# Painting Over a Stained Fireplace



## the_g_ster (9 Sep 2006)

A few years ago I stripped back and stained an old fireplace surround that was previously painted in a pretty hideous colour. Now I am changing the room a bit and it would look pretty good painted a plain white (well, that's what the other half thinks). (Then again I am taking her to Axminster on her birthday, so I can't complain).

My question is what is the best way to get a really nice finish to the old pine. I am guessing I need to fill the small indentations and really give it a light sanding. Will the paint stick to the stain or do I need to do anything special? 

Thanks in advance.

G


----------



## engineer one (13 Sep 2006)

don't suppose you remember what the brand of stain was, that would 
tell you what it contained, and then you could figure out.

i would think you might need to go for one of those primers which 
they suggest will stop colour bleeding through, never works on 
white over red though in my experience.
or you might try mdf primer, found that useful when painting over
mfc kitchen doors.

paul :wink:


----------



## the_g_ster (14 Sep 2006)

Cheers Paul, on my way down to B&Q now, those orange reciepts seem to accumulate far too easily.


----------



## TC (16 Sep 2006)

the_g_ster":1dsqxp94 said:


> A few years ago I stripped back and stained an old fireplace surround that was previously painted in a pretty hideous colour. Now I am changing the room a bit and it would look pretty good painted a plain white (well, that's what the other half thinks). (Then again I am taking her to Axminster on her birthday, so I can't complain).
> 
> My question is what is the best way to get a really nice finish to the old pine.
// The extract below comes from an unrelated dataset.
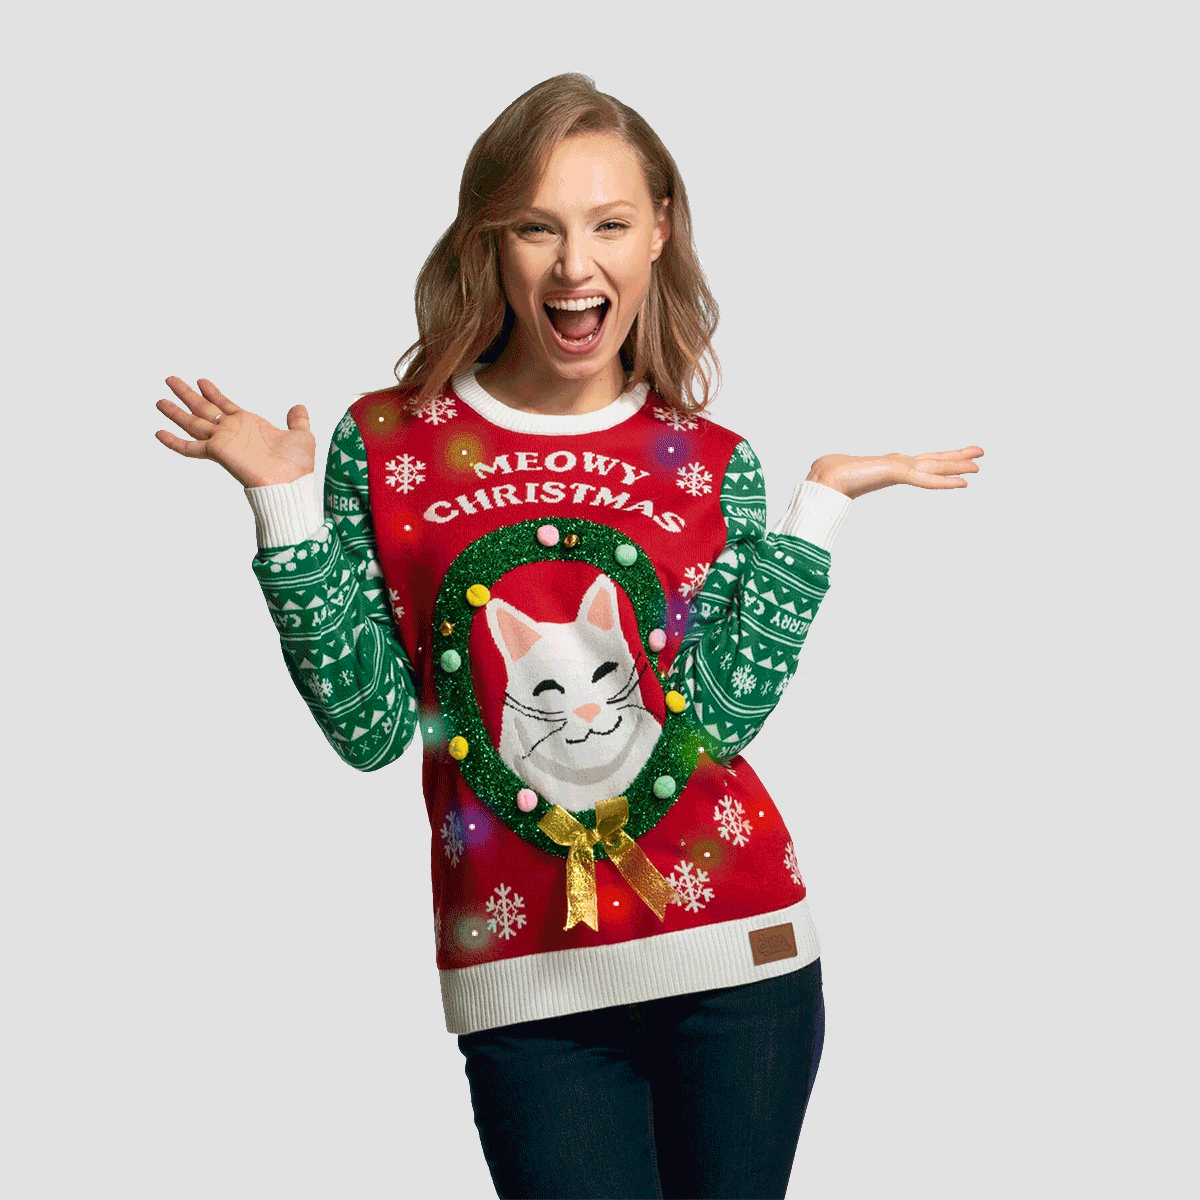 Women's Meowy Christmas Sweater - Europe's largest selection
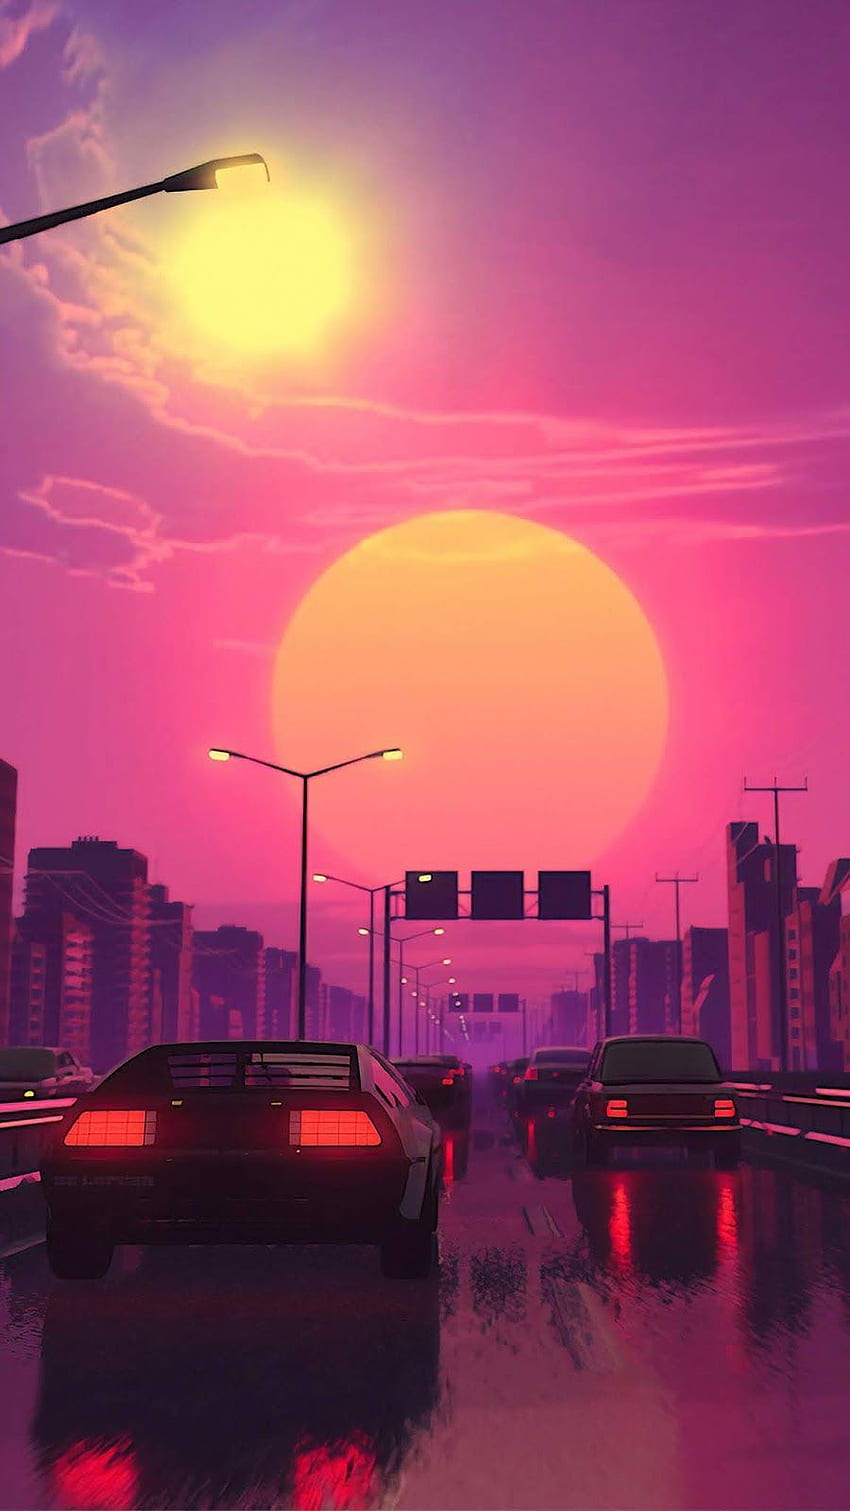 A painting of cars driving down the street at night - Anime sunset

I am guessing I need to fill the small indentations and really give it a light sanding. Will the paint stick to the stain or do I need to do anything special?
> 
> ...



www.milkpaint.com


----------



## joekid (12 Dec 2006)

if its red burn it and get a new one/ otherwise try the trusty medium sanding/ followed by fine ish,/,dont forget to give it a good two under coatings first, ive had good results even over oil based stains and varnishes,


----------